DIRECTIONS FOR THIS TASK = Give back, word for word, the line that contains "Москвичи стали меньше" and all lines after it in the material, through the last; please include only these.

INFORMATION SHOWN =
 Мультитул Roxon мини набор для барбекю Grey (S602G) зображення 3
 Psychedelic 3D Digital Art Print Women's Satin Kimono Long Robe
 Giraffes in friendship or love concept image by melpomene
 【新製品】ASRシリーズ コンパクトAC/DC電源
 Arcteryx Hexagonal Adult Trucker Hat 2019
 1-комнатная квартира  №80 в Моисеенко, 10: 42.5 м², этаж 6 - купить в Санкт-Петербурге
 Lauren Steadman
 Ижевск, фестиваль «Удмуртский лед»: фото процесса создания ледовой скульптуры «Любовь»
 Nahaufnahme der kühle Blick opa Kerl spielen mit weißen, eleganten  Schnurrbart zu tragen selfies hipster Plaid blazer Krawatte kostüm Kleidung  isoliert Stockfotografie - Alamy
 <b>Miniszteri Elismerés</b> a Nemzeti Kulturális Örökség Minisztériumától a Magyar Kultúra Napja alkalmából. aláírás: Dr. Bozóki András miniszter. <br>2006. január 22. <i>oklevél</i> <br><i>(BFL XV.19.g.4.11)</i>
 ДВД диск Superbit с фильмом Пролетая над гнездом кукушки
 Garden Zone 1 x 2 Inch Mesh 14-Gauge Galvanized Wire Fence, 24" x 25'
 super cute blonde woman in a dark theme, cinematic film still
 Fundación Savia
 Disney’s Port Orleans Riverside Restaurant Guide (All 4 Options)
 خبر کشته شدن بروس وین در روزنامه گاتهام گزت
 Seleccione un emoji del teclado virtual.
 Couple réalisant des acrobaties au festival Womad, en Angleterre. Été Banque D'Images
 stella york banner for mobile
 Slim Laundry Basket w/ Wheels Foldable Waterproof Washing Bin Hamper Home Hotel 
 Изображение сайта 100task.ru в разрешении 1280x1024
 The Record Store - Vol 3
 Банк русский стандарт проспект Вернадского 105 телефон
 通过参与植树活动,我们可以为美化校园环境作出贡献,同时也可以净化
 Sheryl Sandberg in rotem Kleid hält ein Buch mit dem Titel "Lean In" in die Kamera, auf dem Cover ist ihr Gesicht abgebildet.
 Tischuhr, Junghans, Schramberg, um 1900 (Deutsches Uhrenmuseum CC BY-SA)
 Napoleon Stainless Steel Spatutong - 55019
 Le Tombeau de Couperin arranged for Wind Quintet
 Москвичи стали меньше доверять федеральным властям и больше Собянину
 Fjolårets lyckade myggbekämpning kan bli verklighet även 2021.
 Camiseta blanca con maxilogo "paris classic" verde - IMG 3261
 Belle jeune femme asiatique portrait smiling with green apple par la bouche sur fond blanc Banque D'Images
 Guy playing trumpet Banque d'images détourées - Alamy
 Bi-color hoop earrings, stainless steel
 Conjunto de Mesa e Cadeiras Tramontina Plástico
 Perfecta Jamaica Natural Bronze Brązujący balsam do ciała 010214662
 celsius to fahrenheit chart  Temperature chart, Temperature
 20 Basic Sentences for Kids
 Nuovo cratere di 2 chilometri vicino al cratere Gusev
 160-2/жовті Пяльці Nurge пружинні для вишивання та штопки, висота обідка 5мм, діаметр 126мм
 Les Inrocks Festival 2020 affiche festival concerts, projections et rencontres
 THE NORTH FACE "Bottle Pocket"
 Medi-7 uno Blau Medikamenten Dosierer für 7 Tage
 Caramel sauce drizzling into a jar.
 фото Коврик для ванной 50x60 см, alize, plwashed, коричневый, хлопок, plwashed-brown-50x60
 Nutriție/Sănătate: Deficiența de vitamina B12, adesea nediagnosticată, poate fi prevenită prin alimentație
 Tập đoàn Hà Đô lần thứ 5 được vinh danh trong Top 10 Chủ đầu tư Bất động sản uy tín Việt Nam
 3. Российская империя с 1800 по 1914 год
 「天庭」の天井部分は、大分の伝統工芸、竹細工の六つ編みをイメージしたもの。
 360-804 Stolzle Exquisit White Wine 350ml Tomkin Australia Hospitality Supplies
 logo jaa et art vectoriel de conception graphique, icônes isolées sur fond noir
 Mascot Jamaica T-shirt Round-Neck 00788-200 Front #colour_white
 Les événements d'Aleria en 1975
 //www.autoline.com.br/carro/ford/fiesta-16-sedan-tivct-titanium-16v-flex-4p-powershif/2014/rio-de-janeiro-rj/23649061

FINISHED TASK =
 Москвичи стали меньше доверять федеральным властям и больше Собянину
 Fjolårets lyckade myggbekämpning kan bli verklighet även 2021.
 Camiseta blanca con maxilogo "paris classic" verde - IMG 3261
 Belle jeune femme asiatique portrait smiling with green apple par la bouche sur fond blanc Banque D'Images
 Guy playing trumpet Banque d'images détourées - Alamy
 Bi-color hoop earrings, stainless steel
 Conjunto de Mesa e Cadeiras Tramontina Plástico
 Perfecta Jamaica Natural Bronze Brązujący balsam do ciała 010214662
 celsius to fahrenheit chart  Temperature chart, Temperature
 20 Basic Sentences for Kids
 Nuovo cratere di 2 chilometri vicino al cratere Gusev
 160-2/жовті Пяльці Nurge пружинні для вишивання та штопки, висота обідка 5мм, діаметр 126мм
 Les Inrocks Festival 2020 affiche festival concerts, projections et rencontres
 THE NORTH FACE "Bottle Pocket"
 Medi-7 uno Blau Medikamenten Dosierer für 7 Tage
 Caramel sauce drizzling into a jar.
 фото Коврик для ванной 50x60 см, alize, plwashed, коричневый, хлопок, plwashed-brown-50x60
 Nutriție/Sănătate: Deficiența de vitamina B12, adesea nediagnosticată, poate fi prevenită prin alimentație
 Tập đoàn Hà Đô lần thứ 5 được vinh danh trong Top 10 Chủ đầu tư Bất động sản uy tín Việt Nam
 3. Российская империя с 1800 по 1914 год
 「天庭」の天井部分は、大分の伝統工芸、竹細工の六つ編みをイメージしたもの。
 360-804 Stolzle Exquisit White Wine 350ml Tomkin Australia Hospitality Supplies
 logo jaa et art vectoriel de conception graphique, icônes isolées sur fond noir
 Mascot Jamaica T-shirt Round-Neck 00788-200 Front #colour_white
 Les événements d'Aleria en 1975
 //www.autoline.com.br/carro/ford/fiesta-16-sedan-tivct-titanium-16v-flex-4p-powershif/2014/rio-de-janeiro-rj/23649061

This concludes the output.